SOEL: Supporting Ontology Engineering with Large Language Models

Grant PID2023-152703NA-I00 funded by MCIN/AEI/ 10.13039/501100011033 and by “ERDF/UE”

MCIN/AEI/ acknowledgment

About

The influence of Large Language Models (LLMs) has not only propelled but also reshaped the current computer science landscape. Given their high capabilities for natural language understanding, the impact of such models has been significantly noticeable in the Natural Language Processing field. However, other Artificial Intelligence areas may also benefit from such technologies. In this project, we explore the exploitation of LLMs for Ontology Engineering.

SOEL (Supporting Ontology Engineering with Large Language Models) is designed to achieve such integration by adapting state-of-the-art LLMs and evaluating them through the creation of open reference datasets, evaluation tasks and benchmarks. Although the SOEL approach is domain independent, the results of the project will be assessed in three different domains: IoT, Linguistics and Scientific Research.

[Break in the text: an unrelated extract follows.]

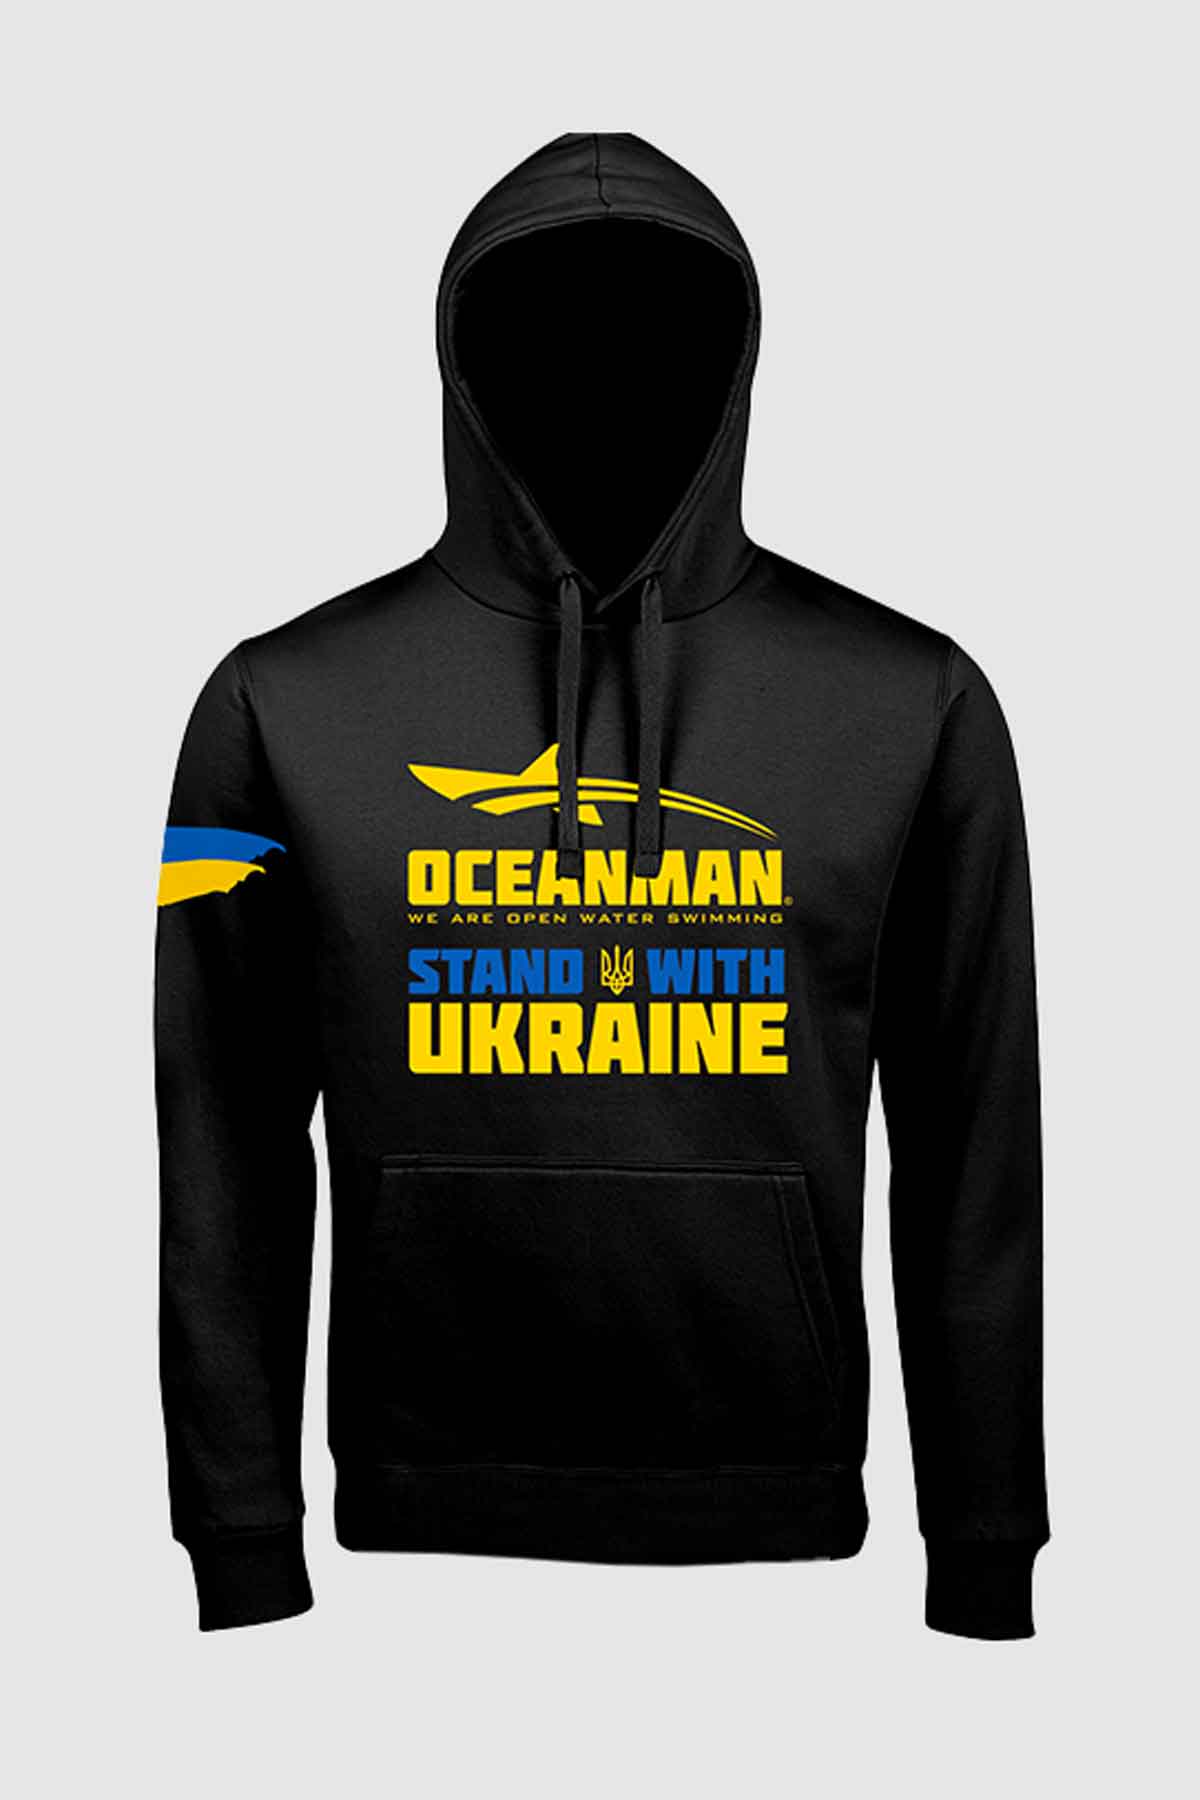 Oceanman ukraine collection collection black men hoodie

Due to the participation of the research team in different initiatives, SOEL is intended to support new and existing internationalisation activities. Such activities can be summarised in three specific objectives:

  1. Characterising LLM Challenge Tasks (CTs) for Ontology Engineering, which focuses on the identification of tasks in which the use of LLMs would help the ontology engineering process. This objective also involves the creation of datasets that are expected to evaluate the identified tasks.
  2. Challenge Task evaluation framework and benchmarks, which focuses on the development of benchmarks to evaluate the performance of the open source LLMs applied in the above mentioned tasks. This objective also involves the adaptation of LLMs according to the reference datasets to check their performance, as well as the proposal of a metadata model for describing the developed LLMs and datasets. As a result, LLM-powered assistants will be developed with the best performing models.
  3. Application use cases, which focus on the application of LLM-powered assistants in the three application domains: Open Science, IoT and Linguistics. This objective also involves the compilation of results from the use cases and the outcomes of the previous steps to evolve existing Ontology Engineering methodologies by including LLMs in the loop.

Given the previous expertise of the research team in knowledge representation and interdisciplinary projects, we believe that the outcomes from SOEL will establish the foundation needed to pave the way towards accelerating Ontology Engineering through human-machine assisted collaboration.